Figure 4. (a) XPS spectra of the BLFMO-15/GO nanohybrid. (b) XPS spectra for Bi4f. (c) XPS spectra for C1s containing CC and C–O. (d) XPS spectra for O1s.

The surface area measurements of nanohybrids were obtained by the analysis of nitrogen adsorption which represents the higher surface area of BLFO/GO and BLFMOs/GO nanohybrids than the pure forms of these ferrite nanoparticles. The highest surface area of 62.68 m2/g was observed for the BLFMO-15/GO nanohybrid. The type-IV BET isotherm and pore size distribution for BLFMO-15/GO are shown in Fig. 5. The sheet-like mesoporous system with an average pore diameter of 12.3 nm and a total pore volume of 0.193 cm3/g with less crystallinity was observed.

Figure 5. Nitrogen adsorption–desorption isotherm with BET specific surface area for the BLFMO-10/GO nanohybrid. Inset: BJH pore size distribution curve.

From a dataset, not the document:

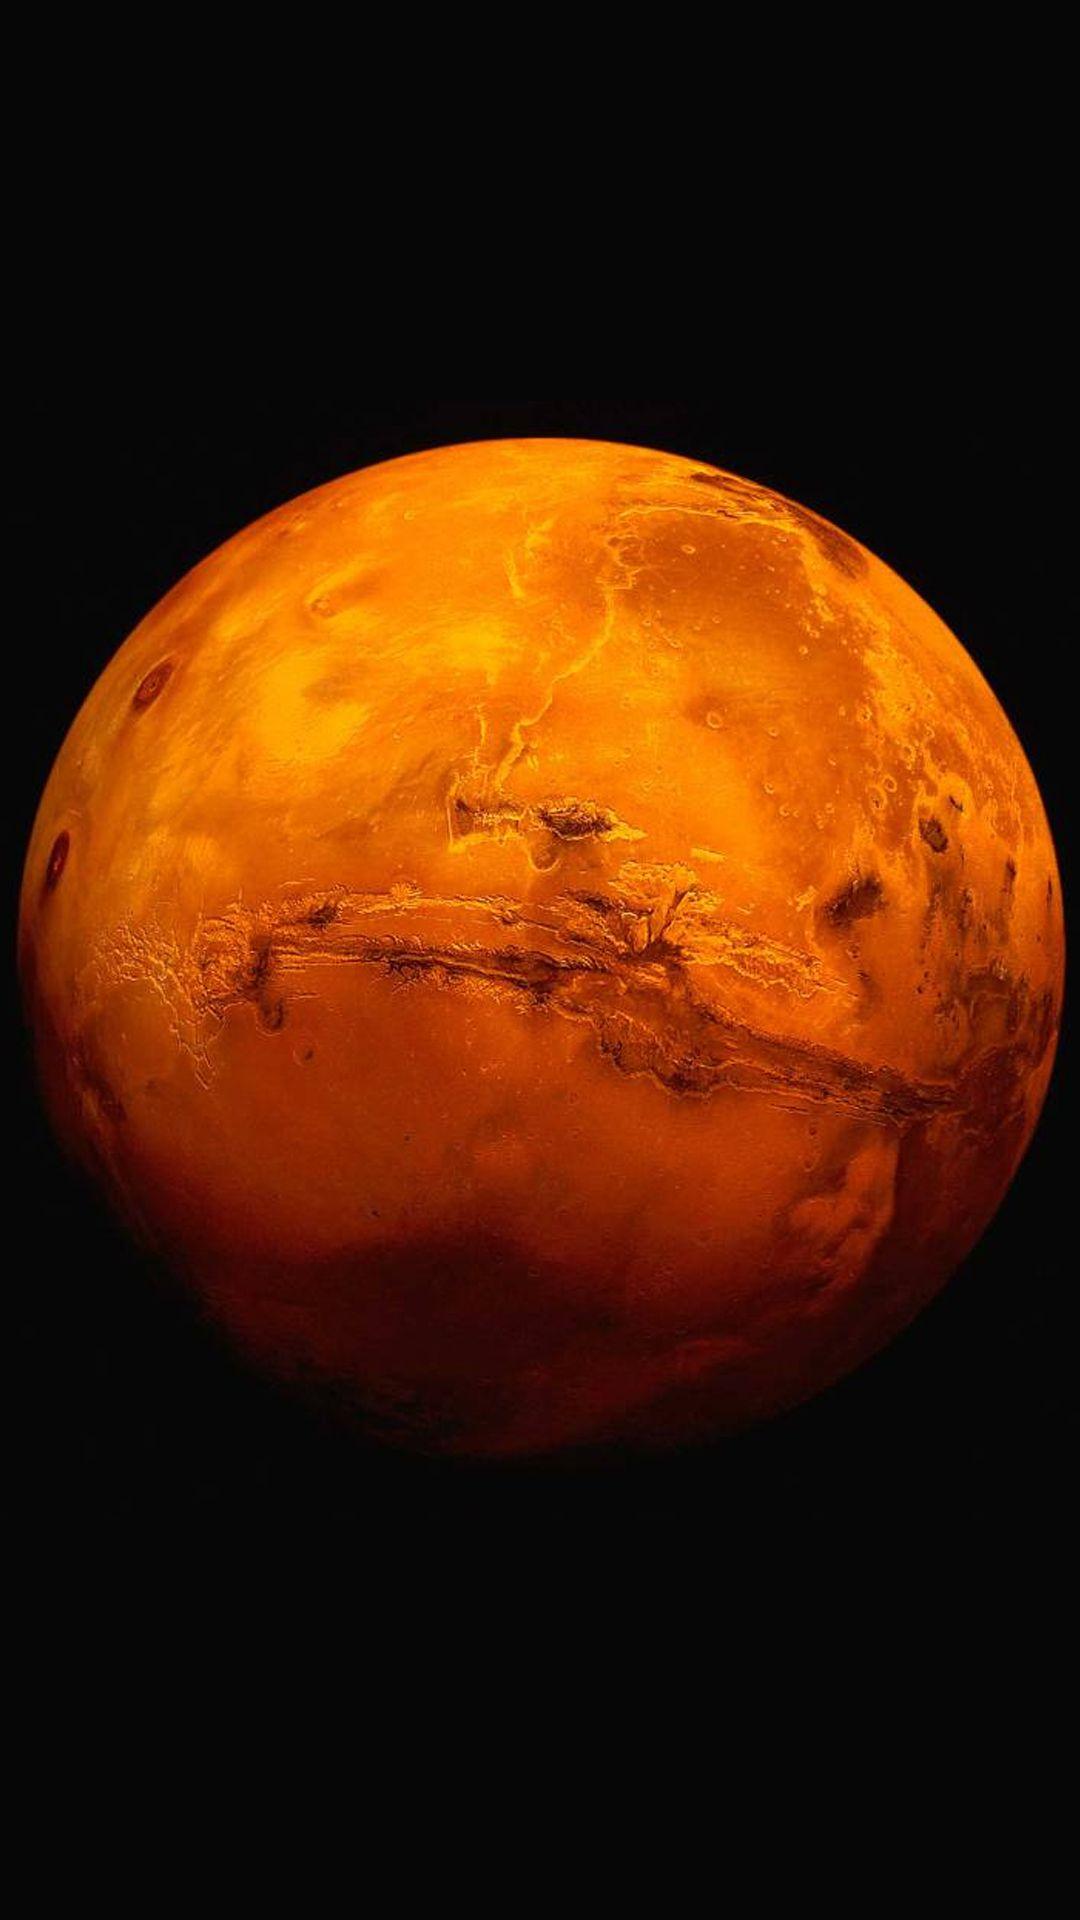 Mars Planet Full View iPhone HD Wallpaper. Space
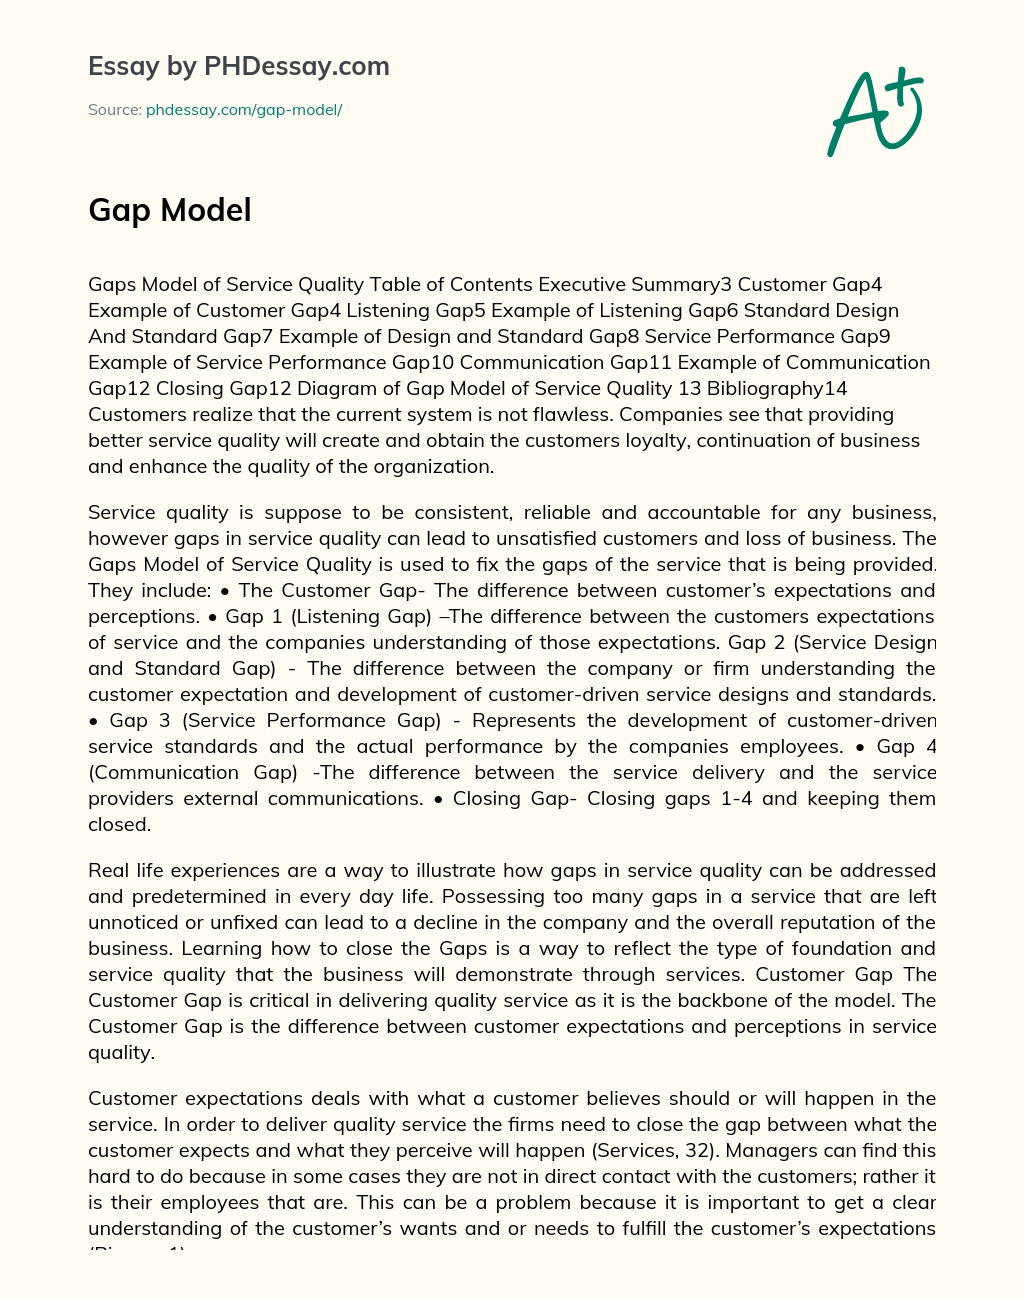 Analyzing the Gaps Model of Service Quality to Improve Customer Satisfaction and Loyalty essay

The addition of graphene within the nanohybrid causes the decrement inside crystallite size and hence, increment in the surface area.

The PL emission measurements were performed by using a fluorescence spectrophotometer for the BLFMO-5 and BLFMO-15 samples and the results are shown in Fig. 6. The PL spectra shown here give information regarding the photo-generated charge carrier transfer, electron–hole recombination, and migration in semiconductor photocatalysts.[Reference Shi, Liang, Ma, Wang and Sun53]

Figure 6. PL spectra of BLFMO-5/GO and BLFMO-15/GO nanohybrids.

In the PL spectra, the much lower the peak intensity the much higher the degradation efficiency of the nanohybrid. The PL intensity for BLFO/GO and BLFMO-15/GO is higher as compared with other nanohybrids and approximately equal as the photo-degradation of dye inside both of these is 4% and 5% in 30 min. The PL intensity is lower for the BLFMO-5/GO nanohybrid whose photo-degradation efficiency is 8% in 30 min. The PL is very low in the BLFMO-25/GO nanohybrid representing the lower electron–hole recombination rate and hence higher photocatalytic activity. The dye degradation efficiency inside BLFMO-25/GO is comparatively higher than other hybrid structures which is 15% in 30 min. Lower the PL intensity means more generation of active species (peroxides and OH- radicals) helps in enhancing the redox reactions over the hybrid surface with the organic dye molecules which results in quick and efficient dye extraction from the aqueous blend. After the introduction of graphene, the visible light generated charge carriers are effectively transported over the top of the photocatalyst under visible light irradiation as graphene behaves as a grabbing site for excited electrons and promotes an adequate charge separation over the photocatalyst surface and hence, improves the degradation efficiency of our nanohybrids.[Reference Liao, Chen, Quan, Yu and Zhao54]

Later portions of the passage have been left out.